- **What to do**
Everything from the line that holds "Heidelberg - Heiliggeistkirche" through the end of the listing below must be retyped word for word, without any pictures.

[Source data]

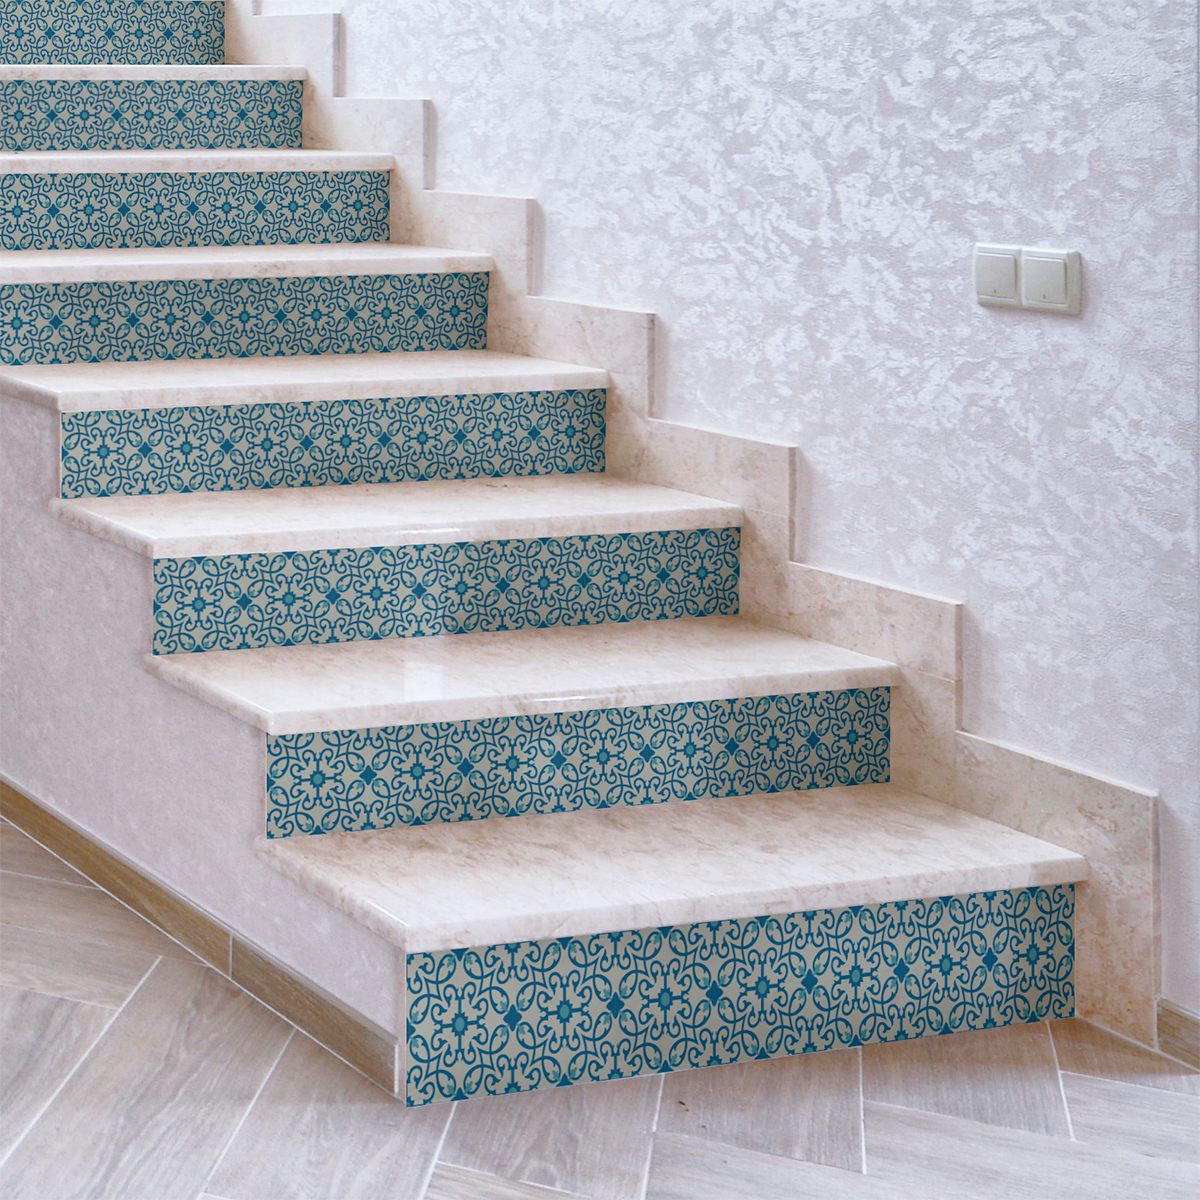 stickers contremarche carreaux de ciment davia x 2 stickers carrelage stickers carrelage. Black Bedroom Furniture Sets. Home Design Ideas
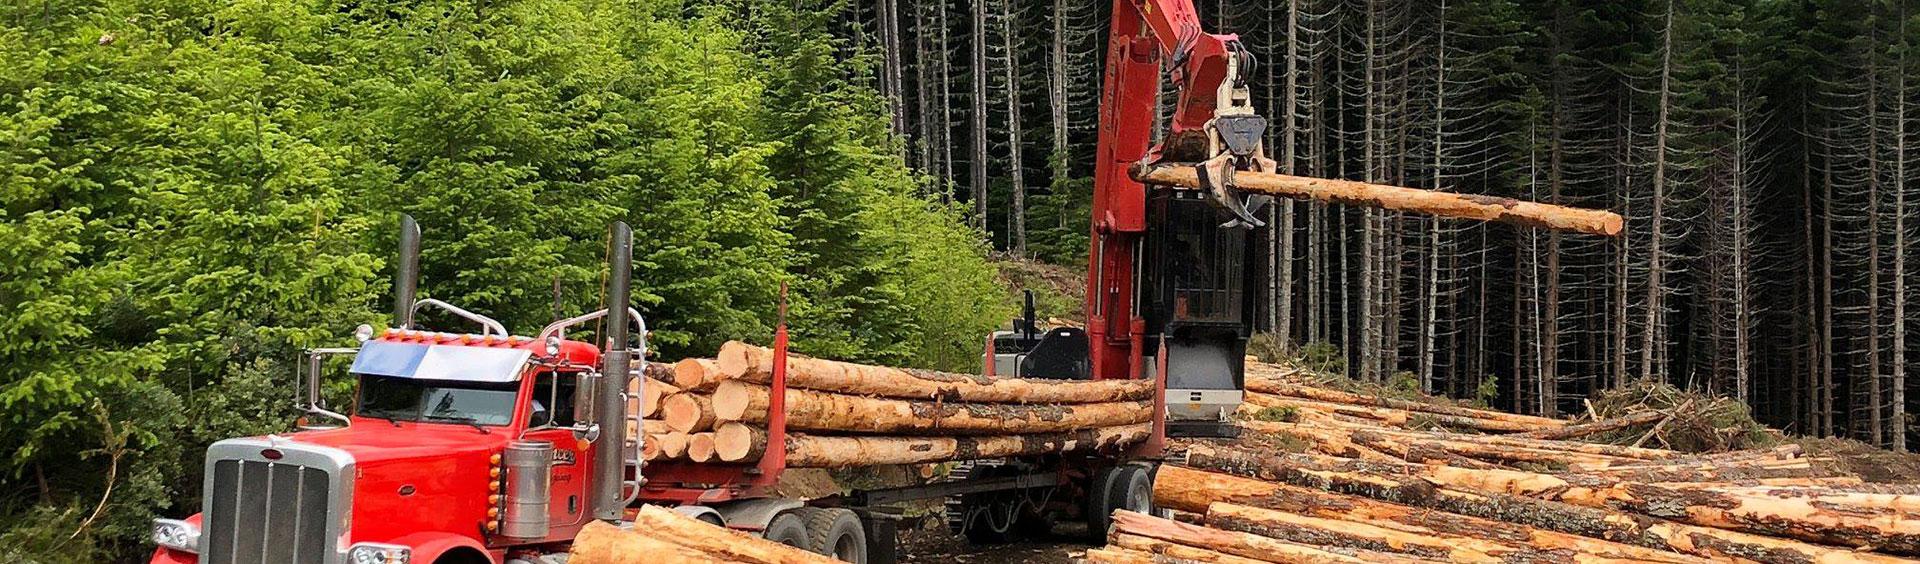 Seneca lumber mill
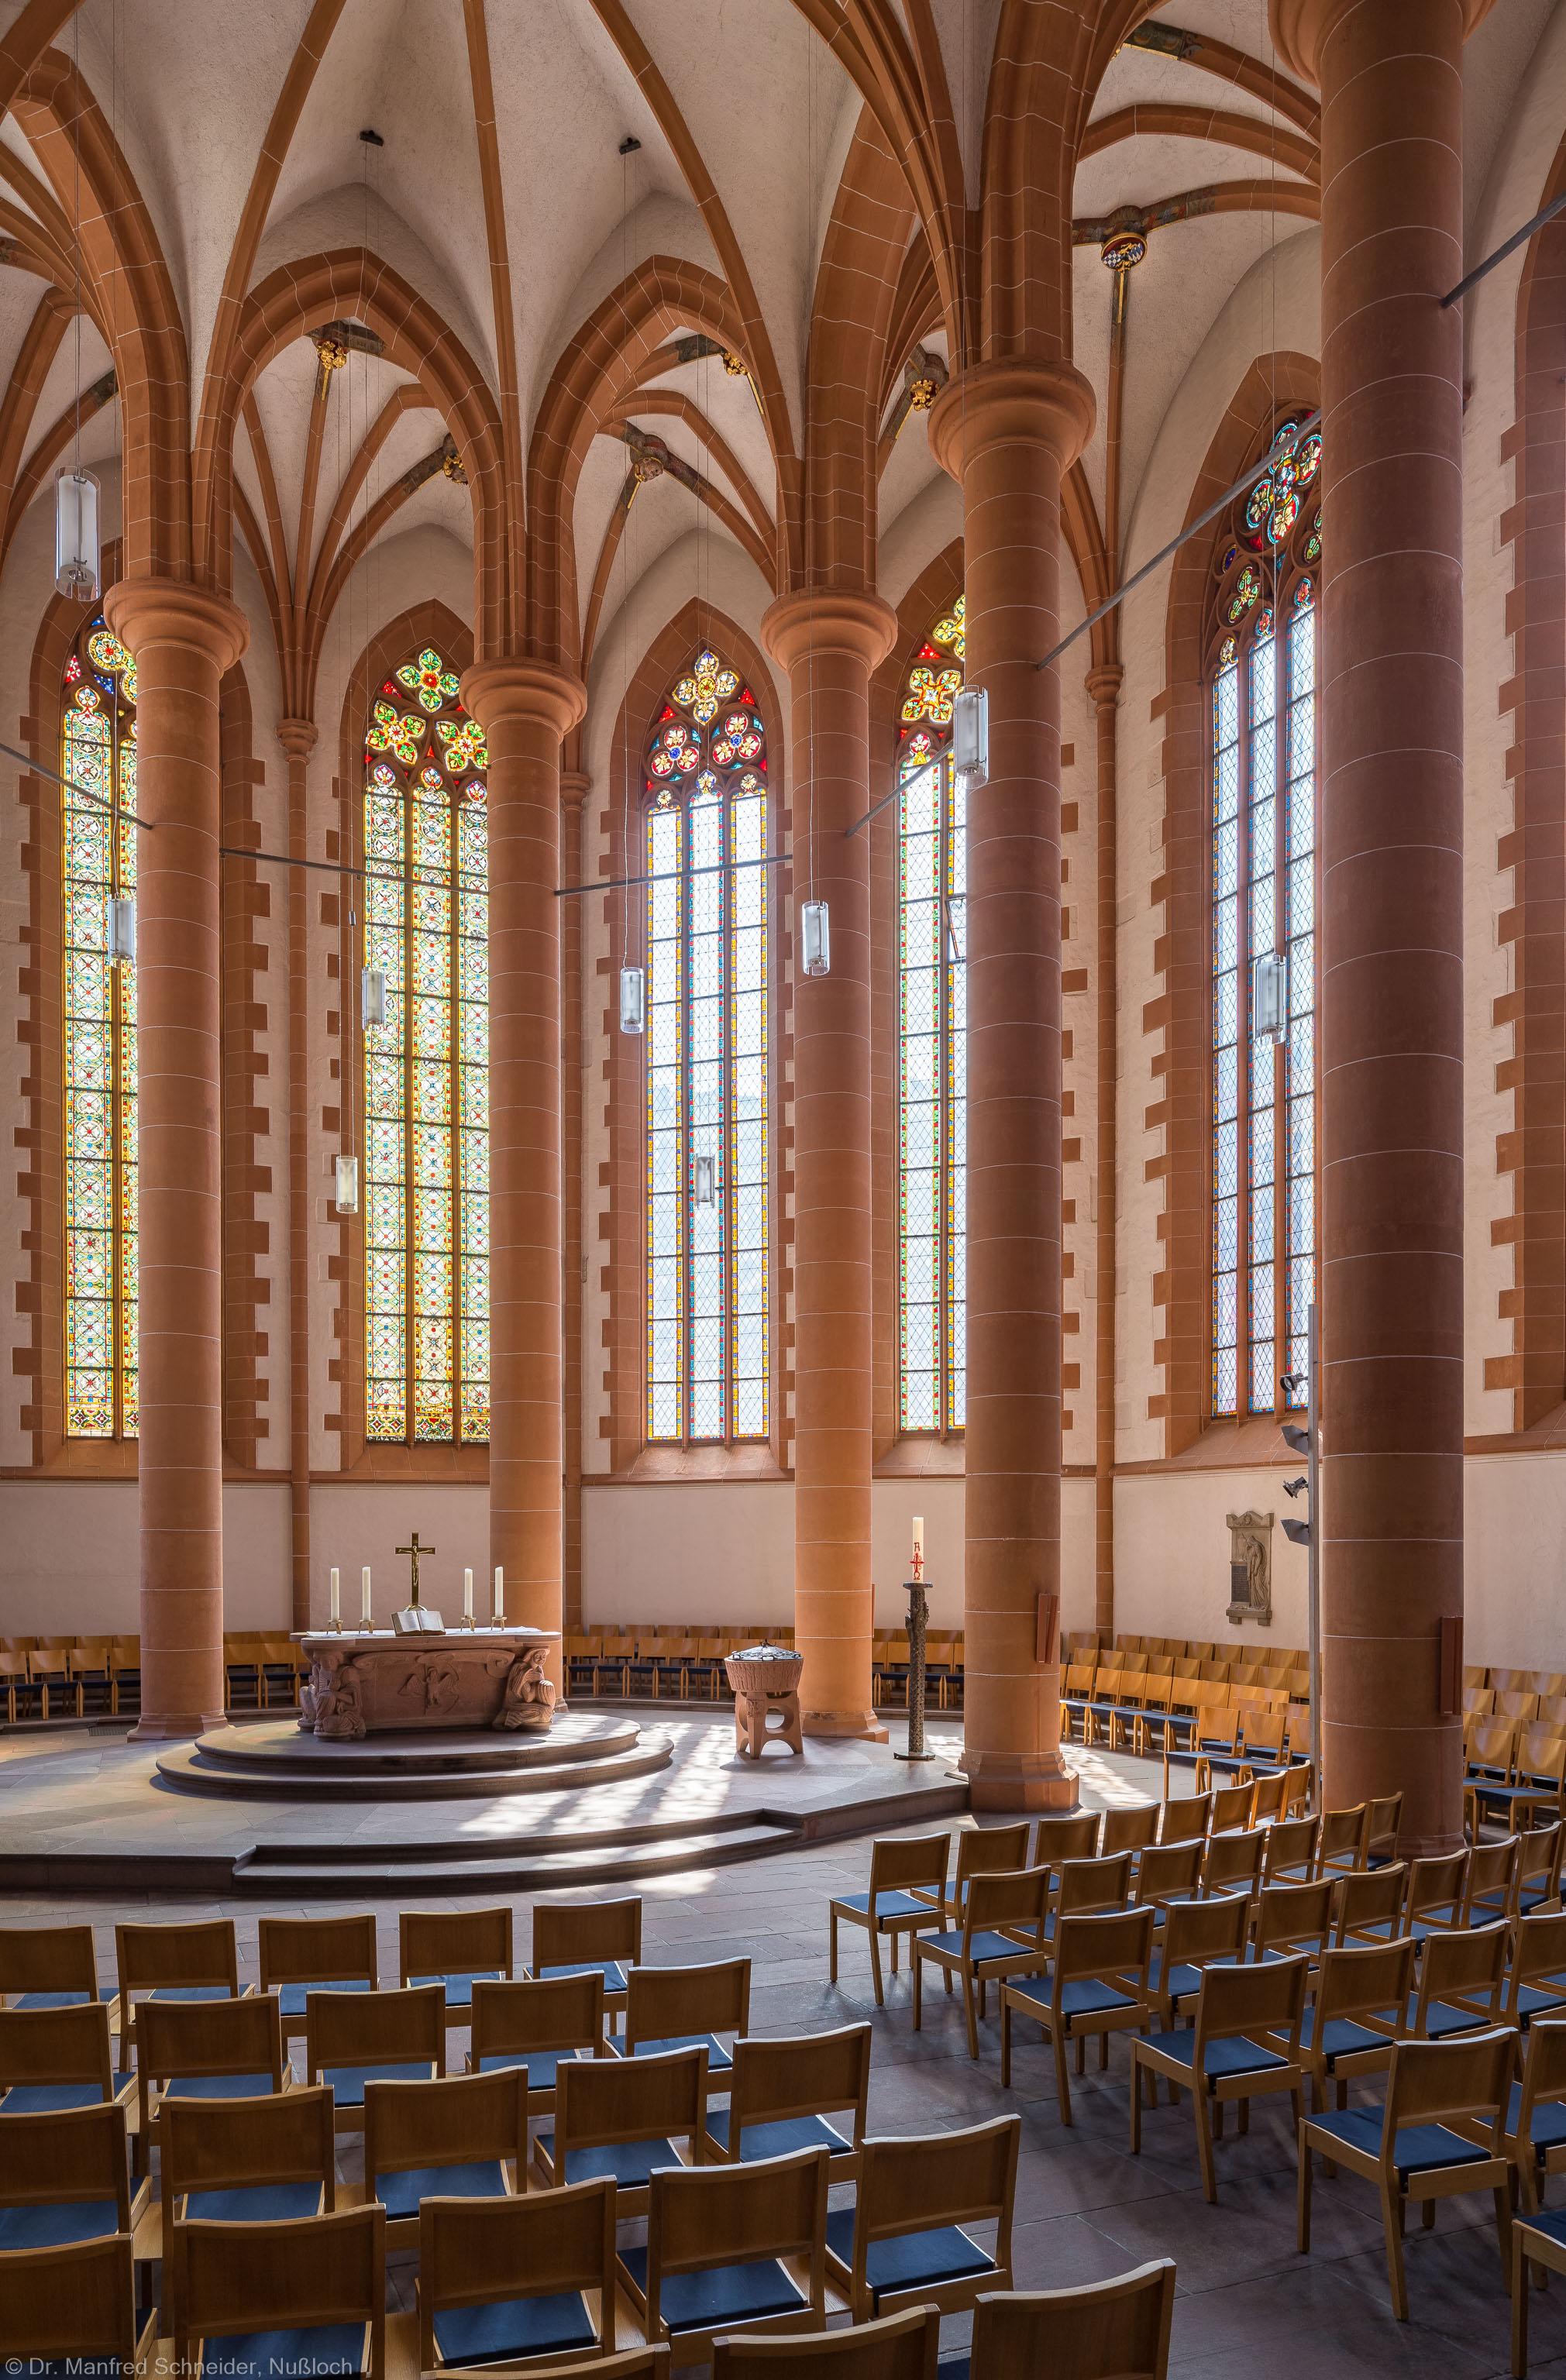 Heidelberg - Heiliggeistkirche - Chor - Blick in den Chor nach Südosten mit Säulen, Gewölbe und Altar (aufgenommen im Juli 2015, am späten Vormittag)
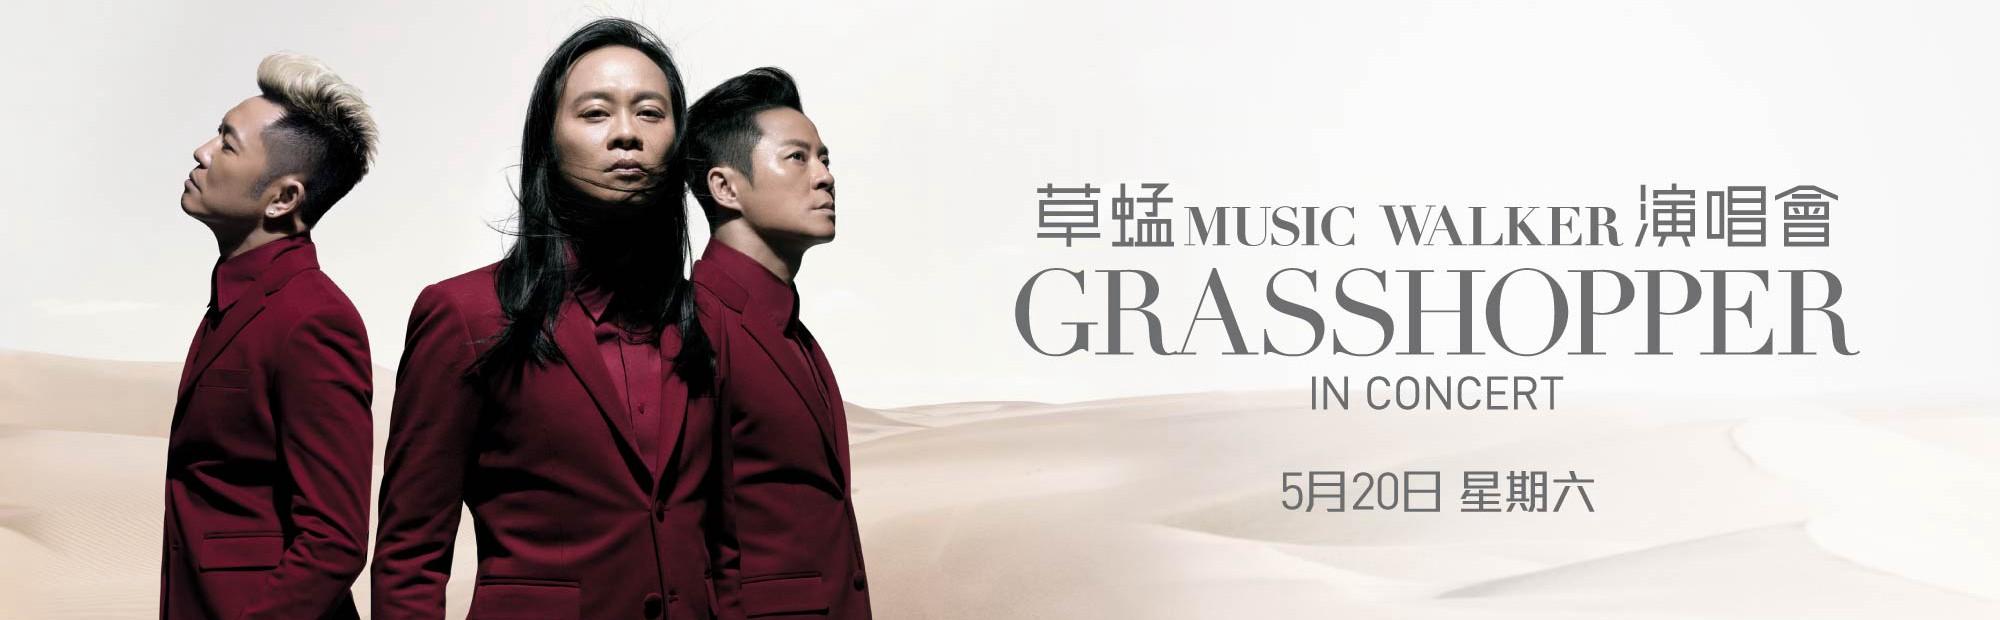 Music Walker 草蜢演唱會-澳門站

[/Source data]

- **Your solution**
 Heidelberg - Heiliggeistkirche - Chor - Blick in den Chor nach Südosten mit Säulen, Gewölbe und Altar (aufgenommen im Juli 2015, am späten Vormittag)
 Music Walker 草蜢演唱會-澳門站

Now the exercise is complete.